A book that influenced Charles Darwin and is reputedly the fourth most published work in the English language is to be made available online.
The Natural History and Antiquities of Selborne by the Reverend Gilbert White, first published in 1789, has inspired generations of naturalists with the vivid descriptions of the flora and fauna – as well as the weather and crops – the author encountered in the countryside around his Hampshire home.
The book has since been published in more than 300 editions and has never been out of print. It is believed to be the most published book in the English language after the Bible, the works of Shakespeare and John Bunyan’s The Pilgrim’s Progress.
The original manuscript is a star of the collection at White’s home, now a heritage attraction, which has recently undergone a £2.8m makeover.

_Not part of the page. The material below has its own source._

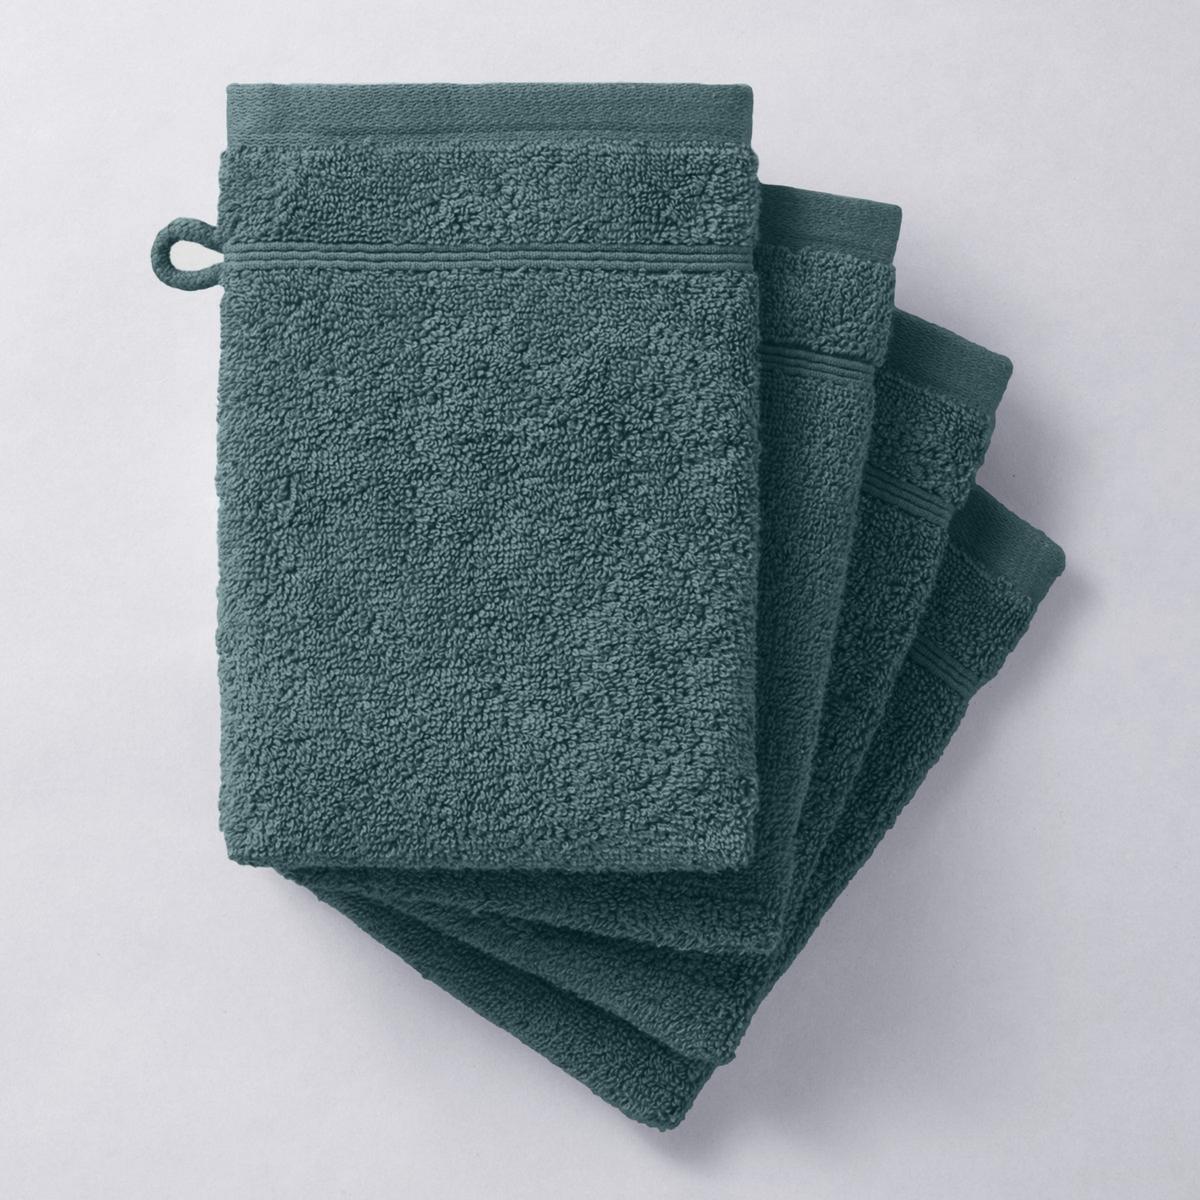 Luvas de banho 600 g/m² (lote de 4), Qualidade Best

Putting the manuscript online as a digital flipbook, all 339 pages, was a way of celebrating its reopening, said museum director Steve Green.
“We’ve got the original manuscript and it is obviously a very precious thing,” he said. “But it is in a big cupboard and you can only see two pages at a time when you come to visit.
“It will be much more interesting than reading one of the subsequent editions because it has got White’s crossings out and alterations, so it helps reveal something of his thought processes.”
White is considered the first ecologist and the book was groundbreaking because it is a study of living birds and animals in their natural habitats and was at odds with naturalists at the time who mostly examined them dead in laboratory-type conditions.
He was the first person to identify the chiffchaff, willow warbler and woodwarbler as three distinct species based on their songs. He was also the first to describe the harvest mouse and noctule bat.
White celebrated the earthworm as “a small and despicable link in the chain of nature”, which, if lost “would make a lamentable chasm”.
The book has influenced and inspired generations of naturalists. Charles Darwin read it as a young man and made a pilgrimage to Selborne. Similarly Chris Packham, the naturalist and TV presenter, read a tatty copy given to him by his biology teacher and cycled from Southampton to Selborne to see it for himself.
“I was 12 years old and I took the book home and I was immediately enchanted,” Packham recalls in a video he has made for the museum. “I’d started to keep a diary myself in 1971 of all the natural history that I encountered – the first page is the lengths of different grass snakes that I’d caught and I still have that diary, it’s very much a personal treasure.
“But I loved reading White’s description and his descriptions were so vivid that I was able to rebuild this landscape so far away in time.”
The book goes online on Saturday, coinciding with the reopening of a house which also contains the collections of two other natural world explorers: the Antarctic adventurer Captain Lawrence Oates, of “I am just going outside and may be some time” fame; and his uncle Frank Oates, a Victorian explorer of the Americas and Africa.